Entrant dans Caemlyn à cheval, Daved Hanlon ne put s’empêcher de penser à ce que rapporterait le pillage de cette cité. Au cours de sa vie militaire, il avait vu bien des villages et des villes pillés, dont, une fois, vingt ans plus tôt, Cairhien après le départ des Aiels. Il était étrange que ces Aiels n’aient apparemment pas touché à Caemlyn. Si les plus hautes tours de Cairhien n’avaient pas été incendiées, il aurait été difficile de savoir qu’ils y étaient venus. De l’or à profusion, entre autres choses, attendait qu’on le ramasse, et de nombreux hommes étaient disponibles pour procéder à la récolte. Il voyait ces larges rues pleines de cavaliers et de fuyards, de marchands opulents qui auraient donné tout leur or pour qu’on les épargne, de minces jeunes filles et des femmes potelées si apeurées qu’elles n’auraient même pas eu la force de gémir, et encore moins de se débattre. Il avait vécu ces scènes, et il espérait les revivre. Mais pas à Caemlyn, s’avoua-t-il en soupirant. S’il avait pu désobéir aux ordres qui l’avaient mené là, il aurait recherché une ville moins riche, mais plus facile à piller.

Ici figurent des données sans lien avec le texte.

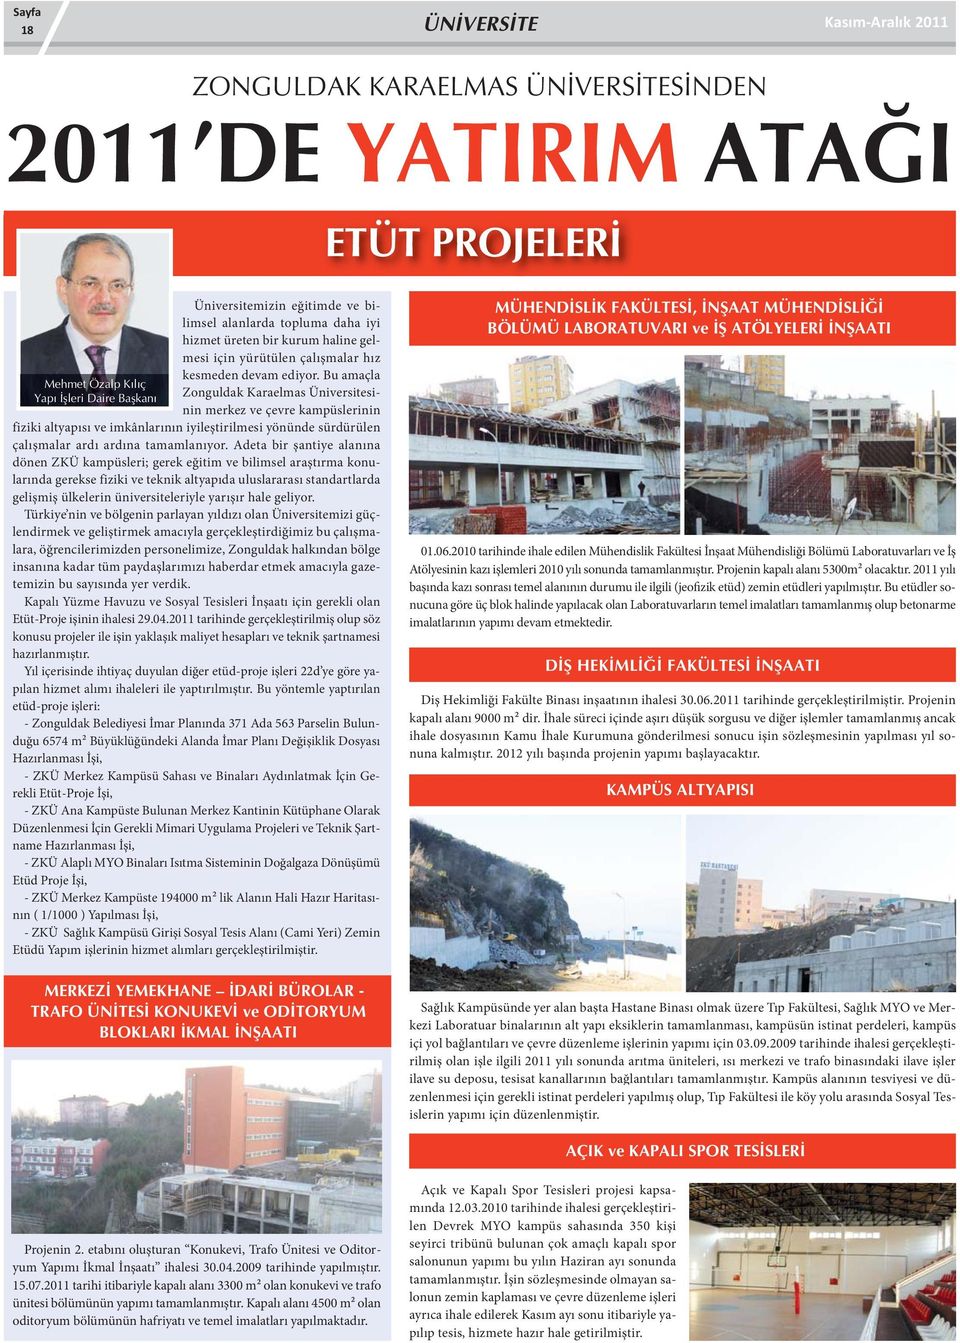 Bu amaçla Zonguldak Karaelmas Üniversitesinin merkez ve çevre kampüslerinin fiziki altyapısı ve imkânlarının iyileştirilmesi yönünde sürdürülen çalışmalar ardı ardına tamamlanıyor.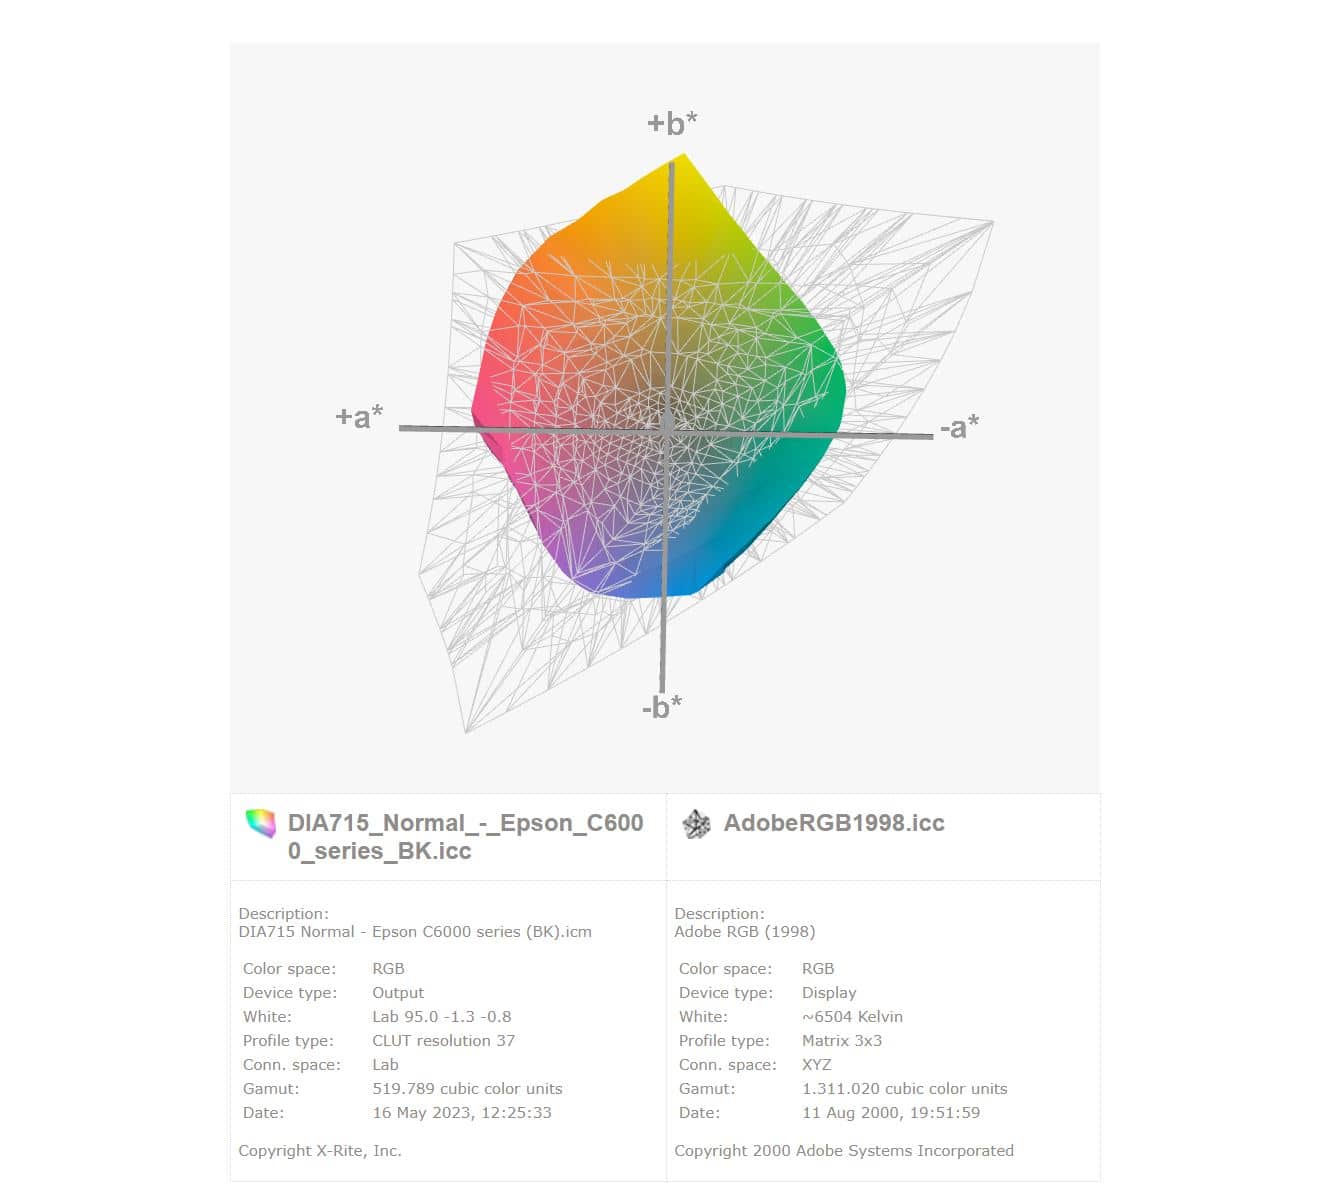 Visualisatie van kleurbereik DIA715 versus AdobeRGB1998

Ses instructions étaient claires. Il déposa son cheval à l’écurie du Taureau Rouge, dans la Cité Neuve, et parcourut à pied le mile le séparant d’une haute maison en pierre, la demeure d’un riche marchand qui ne faisait pas étalage de son or. Il la reconnut grâce au dessin peint sur la porte, représentant un cœur rouge dans une main d’or. Le costaud qui le fit entrer n’était pas un domestique, avec ses articulations noueuses et ses yeux mornes. Sans un mot, le géant le précéda dans les profondeurs de la maison, puis ils descendirent dans les caves. Hanlon remua son épée dans son fourreau. Il avait vu au cours de son existence des hommes et des femmes dégénérés qui étaient allés d’eux-mêmes à leur exécution. Il ne se considérait pas comme un demeuré. Il n’avait cependant pas très bien réussi. Il avait obéi aux ordres. Cela ne suffisait pas toujours.